Strain gauges and accelerometers can also be used to measure the dynamic forces that occur as a vehicle passes over an S&C unit. This is a localised technique as the instrumentation is attached directly to the S&C unit. Data can be collected at a wide range of amplitudes and frequencies; however, the information obtained will only relate to the individual S&C unit being monitored.

Despite this, the advantage of being able to obtain load data from a known track geometry and quality for different vehicle types is invaluable as an exact replica can be modelled and validated. This then provides confidence when modelling S&C units where minimal validation data is available.

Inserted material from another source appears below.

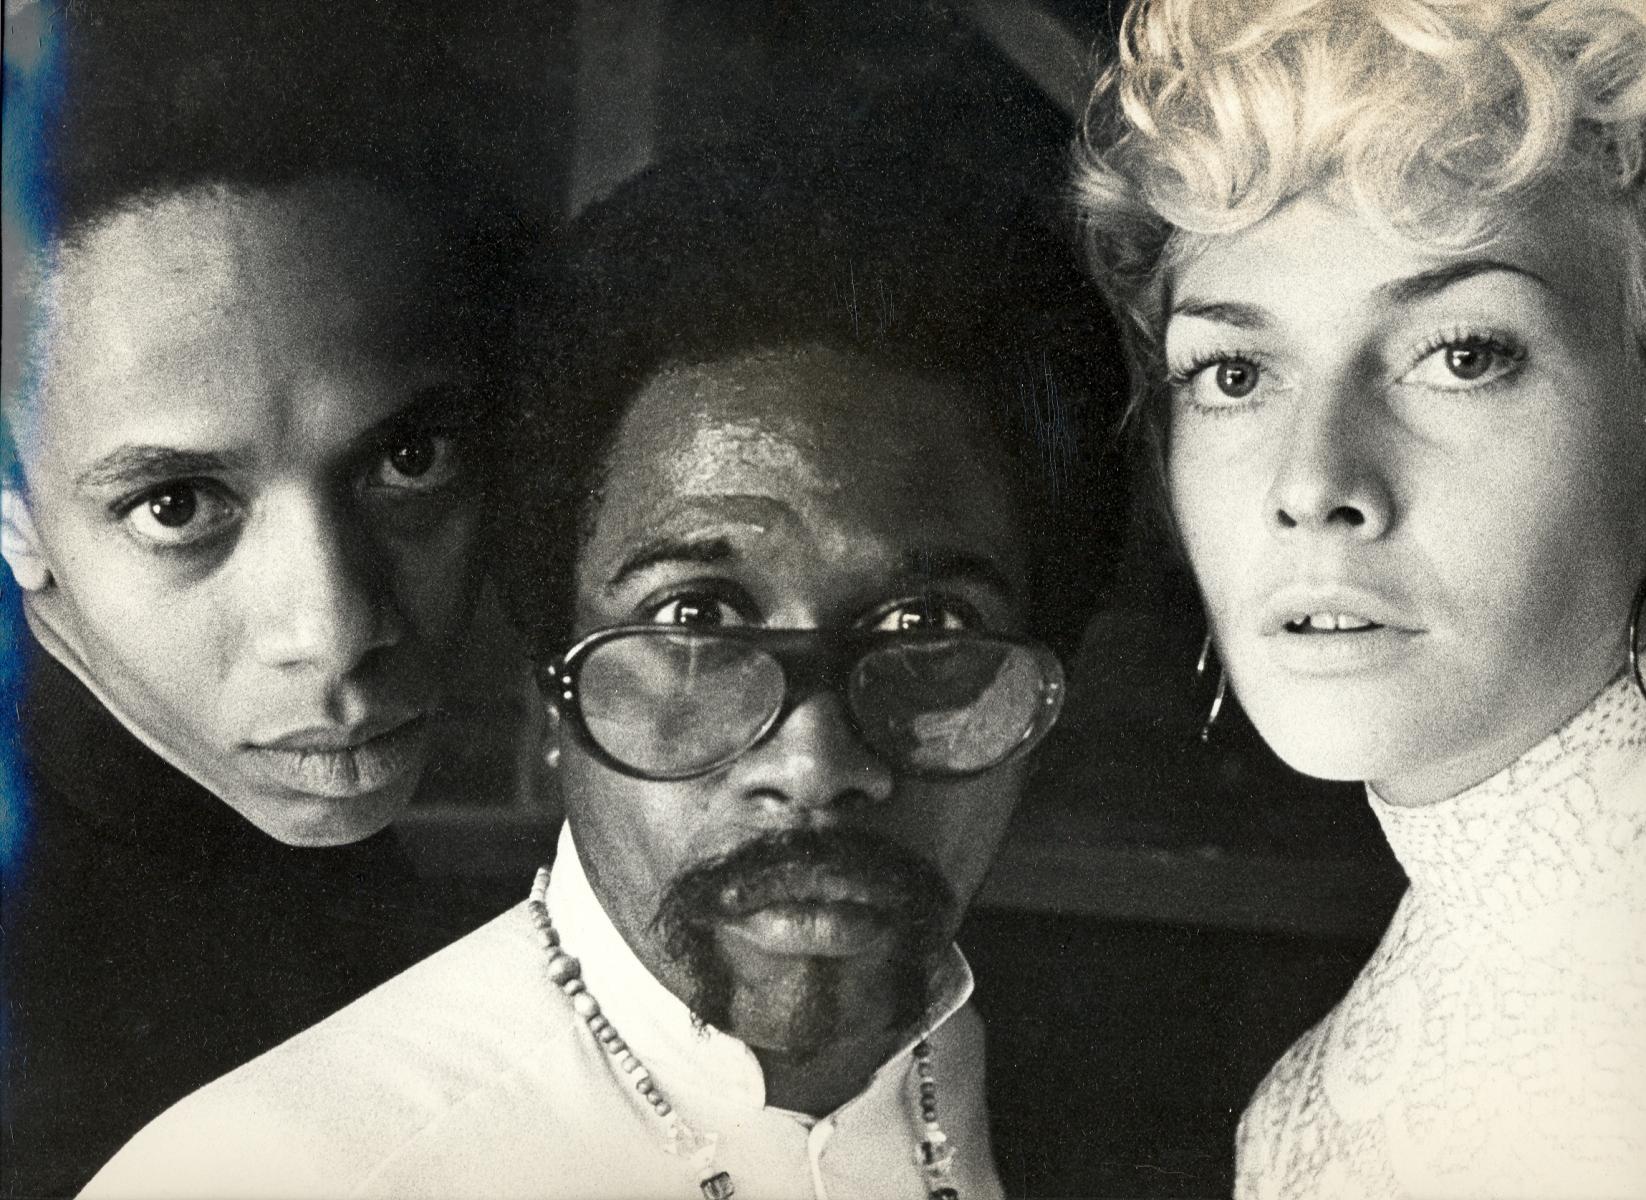 C. Smalls & Co. - 1968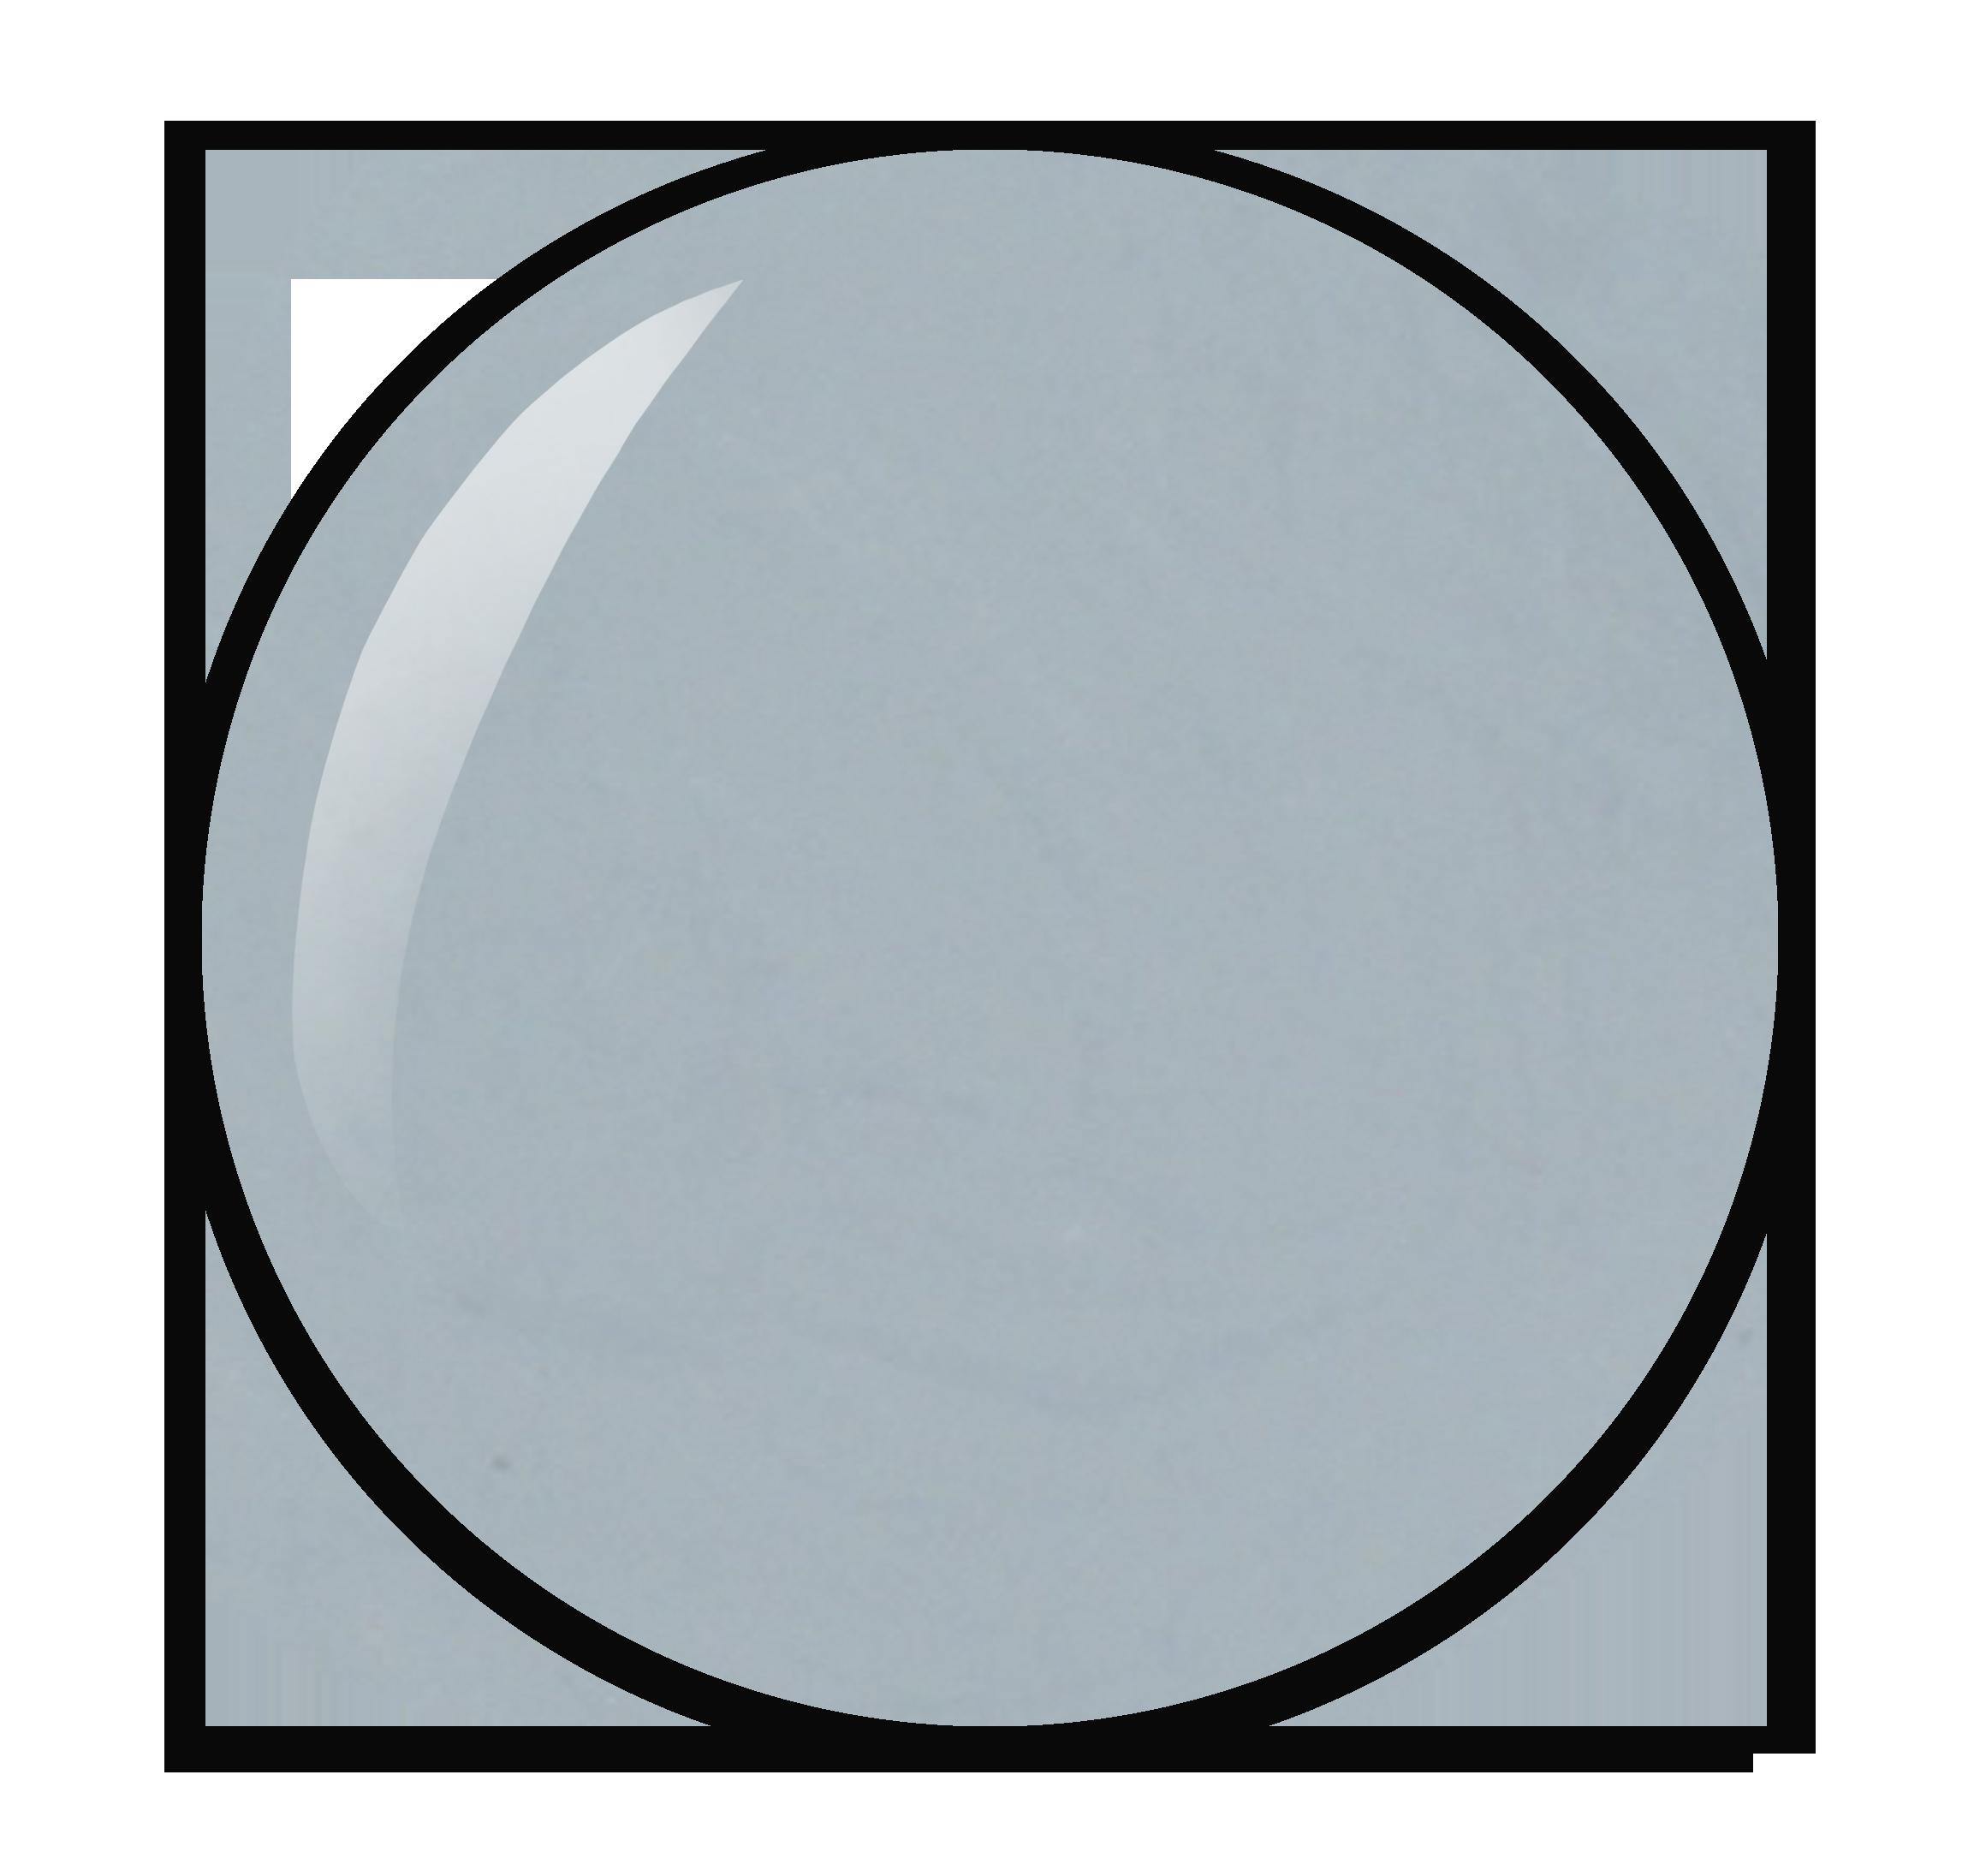 ijsblauwe nagellak nummer 147 uit Herôme nagellak collectie

Figure 7 Rail profiles obtained from the MiniProf equipment

Figure 7 Rail profiles obtained from the MiniProf equipment

Concluding remarks

The aim of the PhD research is to provide Network Rail with a more accurate understanding of the dynamic forces that occur during the passage of rail vehicles through switches and crossings. In addition, a computational tool will be developed aimed at making accurate predictions of material degradation throughout the operational life cycle of switches and crossings. This will enable Network Rail to manage its network more cost effectively by optimising current maintenance and renewals practices. Completion of this PhD project will also provide a basis for further innovation and development.

About the Authors

Ian Coleman

In 2002, Ian Coleman attended the University of Leicester and graduated with a first class MEng (hons) degree in Mechanical Engineering. He then joined Network Rail on their Rail Vehicle Engineering graduate training scheme. Ian left the graduate scheme in 2007 to take up the role of Assistant Rail Vehicle Projects Design Engineer, where he spent the next 18 months developing his skills within design and structural analysis. His next move, within Network Rail, took his experience to the next level after gaining the role of Rail Vehicle Conformance Engineer in 2009. Within this role, Ian was responsible for overseeing design, calculation and build aspects of projects seeking engineering acceptance. His final move, towards the end of 2009, placed him into his current role as a PhD Student (Switches and Crossings) within the Network Rail S&C Systems Team in London. Ian now works full-time within the Future Railway Research Centre (FRRC) at Imperial College London on a PhD research project focussing on the optimisation of S&C maintenance and renewal regimes through predictive, computational techniques.

Andrew Cornish

Andrew Cornish graduated from the University of Birmingham in 2006 with a BEng (hons) in Mechanical Engineering. After completing his degree, Andrew went to take a year working for a small pre-fabricating plant room company before joining Network Rail in 2007 as a Graduate Engineer. With a grounding of the railways Andrew joined the FRRC at Imperial College London as a role within the newly formed switches and crossings team in Network Rail to complete research in early 2010, focusing on the experimental design and numerical analysis of the joint research project.